While the women took off to do whatever is Yuwaalaraay women do, Bubs and J took me around a series of lunettes recently exposed by wind and rain. The ground was littered with rocks; at least, that’s what they looked like to me. Under their tutelage I began to see hammer tools, spear barbs, axe heads, grinding stones: a whole, industrial-scale manufacturing site for the tools of living in this part of the world.


There were amazingly complex pieces of worked stone. Who was the last person to pick up or use this drilled stone? (Dr Mark, Bubs and J conclude that it may have been used as part of a fire-starting kit.)


The Lake wasn’t full, maybe half full. Black swans, pelicans, plovers, cormorants and shags squawked and wheeled in the sky around us. Against this ancient backdrop, the occasional vapour trail of some invisible passenger jet hauling tourists and business people to Singapore or Dubai scribed its way through the blueness above.
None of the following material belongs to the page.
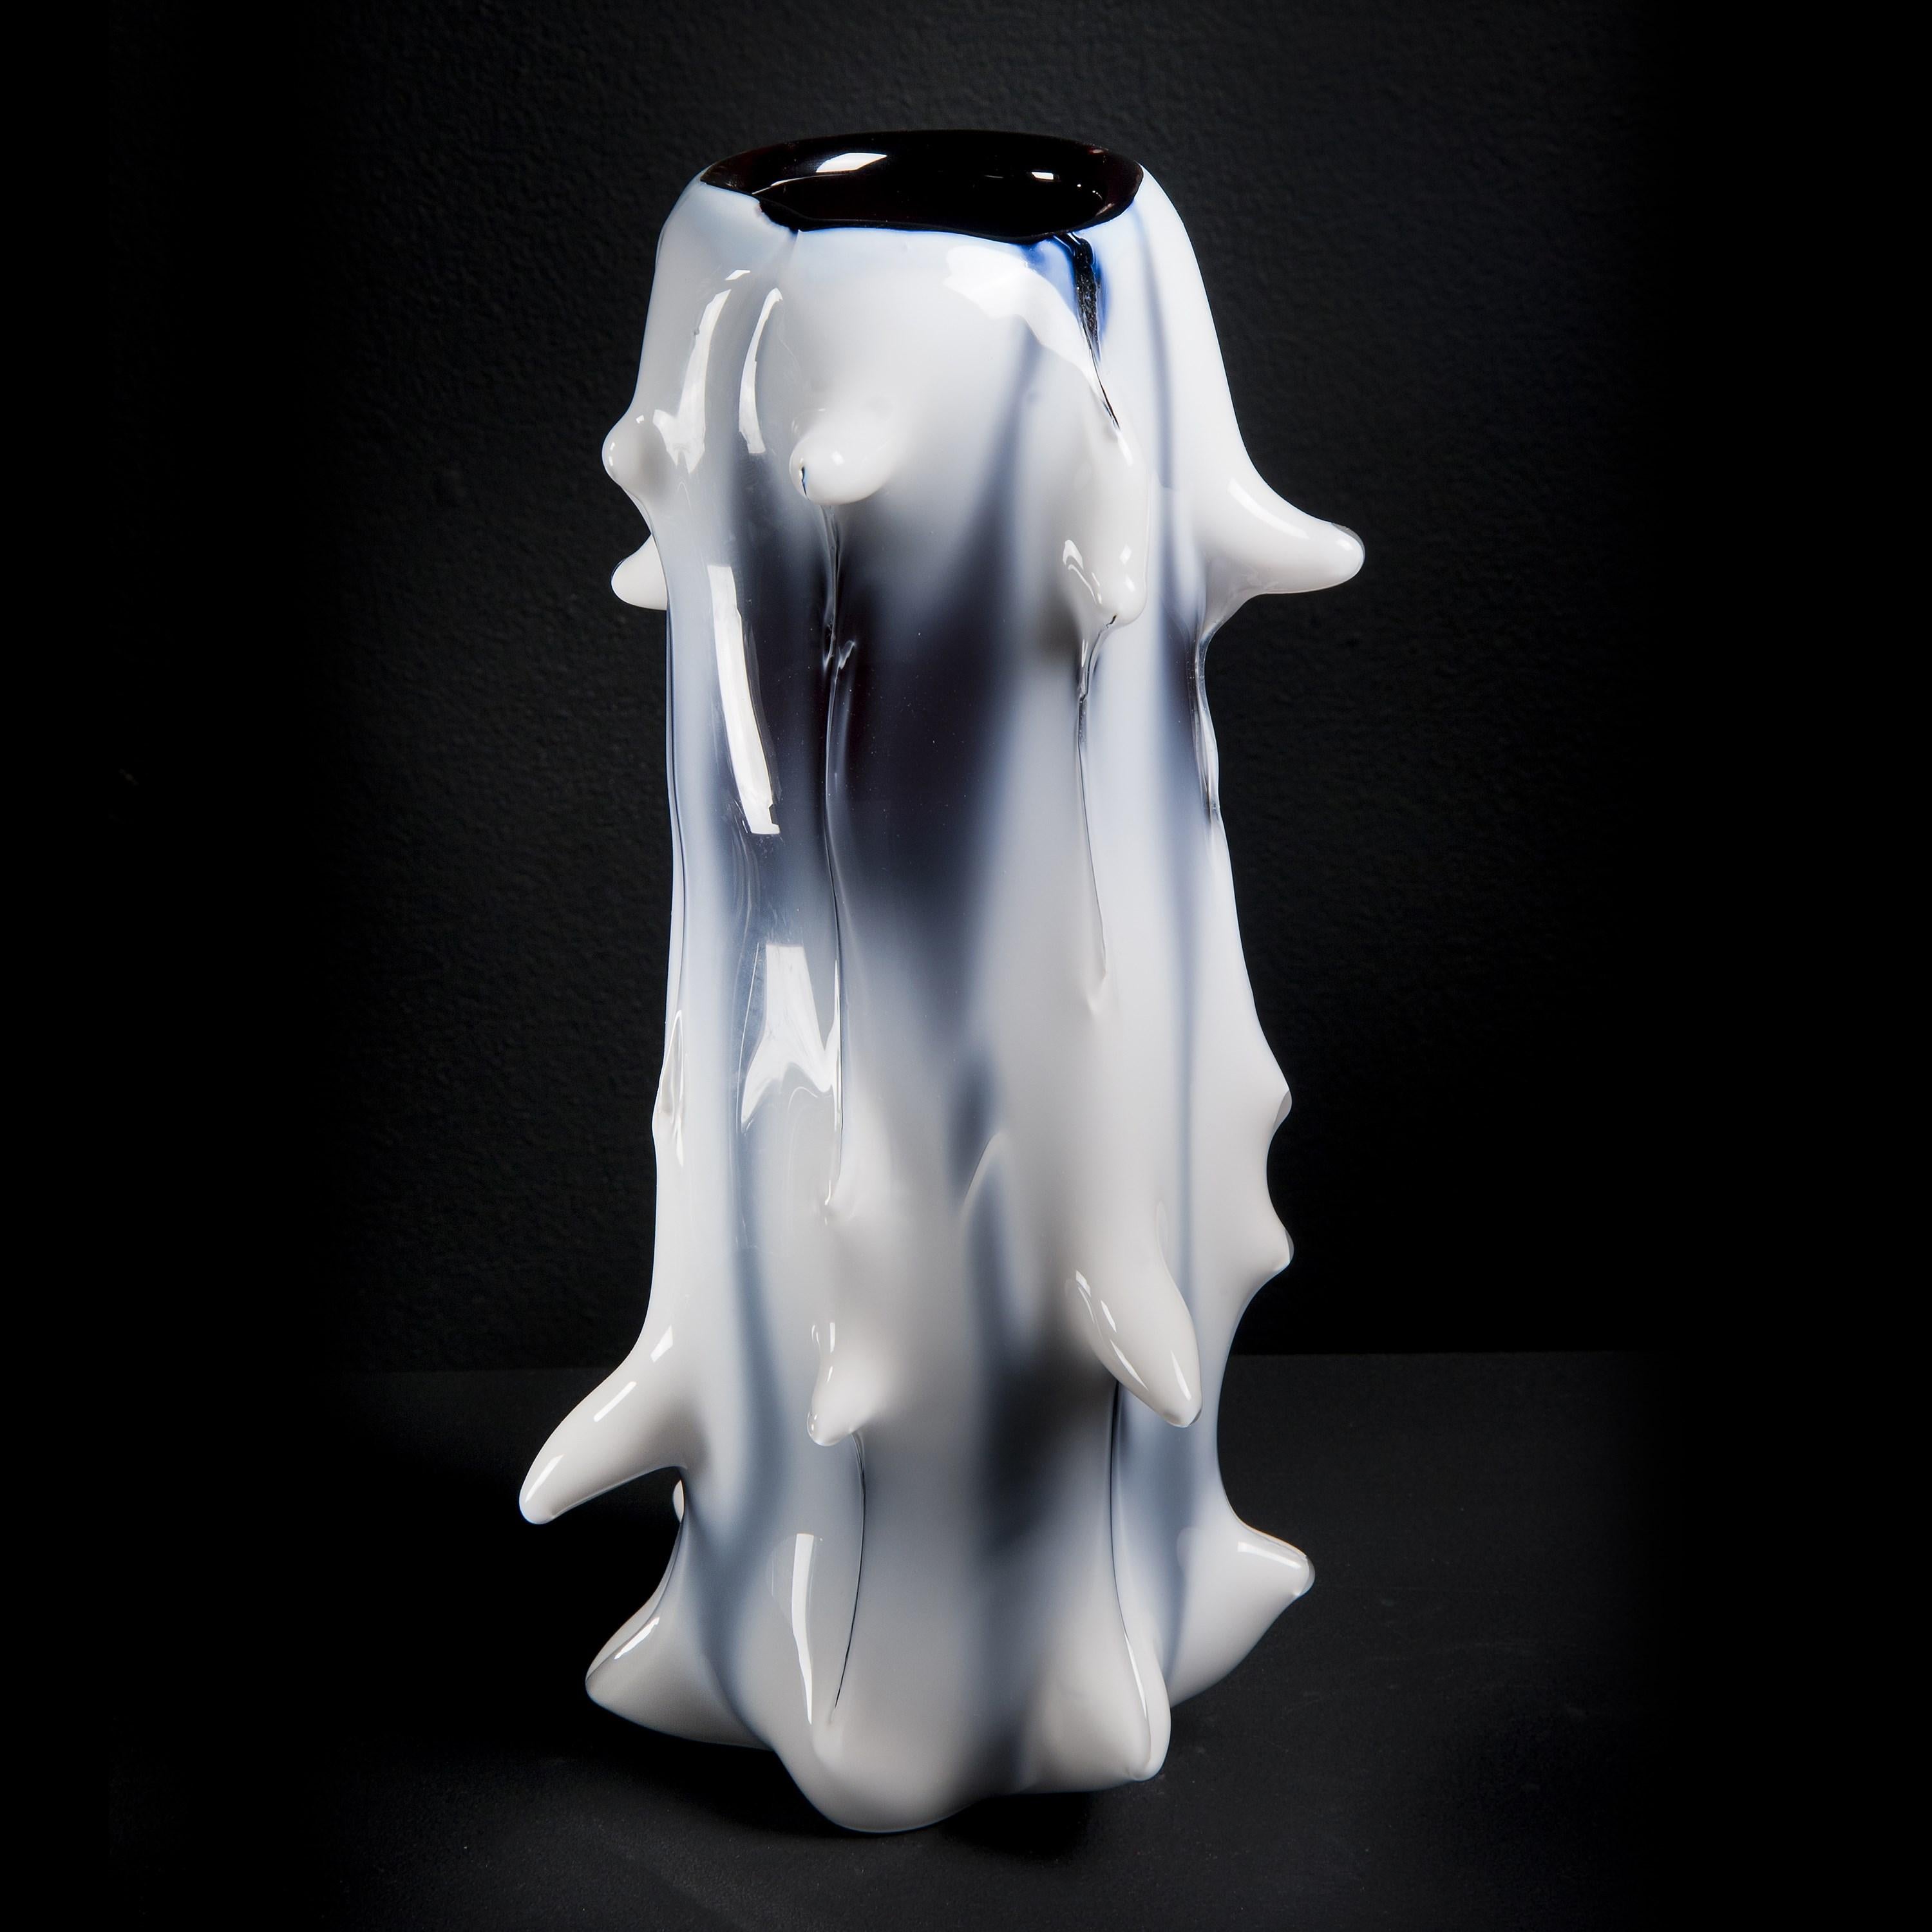 Spinal II est un vase en verre blanc et aubergine inspiré d'un arbre, réalisé en édition limitée (49 exemplaires) par l'artiste suédois Mårten Medbo.

Parmi ses œuvres, on trouve de nombreux exemples de pièces qui ressemblent à des structures

We regathered, men and women, and headed back to the station for a late lunch of salad, and chops barbecued by Bubs and J. We were ravenous and fell on it like we hadn’t seen food in a month. Sated, we lolled around for a little while, before R and D collected some fresh sandalwood leaves, set them afire, and we passed through its aromatic smoke.


It was a magical day. Even the tyre shredded by the brilliant white shincracker road couldn’t put a dent in our enthusiasm.


The Lake was unlike anywhere else I’d been and, without wanting to sound like I’ve been everywhere man, I’ve been fortunate and privileged enough to have visited some quite extraordinary places in my time. I doubt Narran Lake would have had such an impact on me without the company of the Yuwaalaraay people, and Dr Mark and his team.

On Friday night at the pub, the usual group of wise men lamented modern politics and we gnashed our teeth and shredded our garments over the exponential surge in global population and the rise of the Stupid People and wondered, pessimistically, where it would all end. Then we drank some more and solved all those easily solvable problems (global pandemic, anyone?). At least, it appeared to have been solved until Saturday morning, when we woke to find that the Stupids were still in charge and the population was still exploding.

But Narran Lake will still be there, in all its quietness and stillness.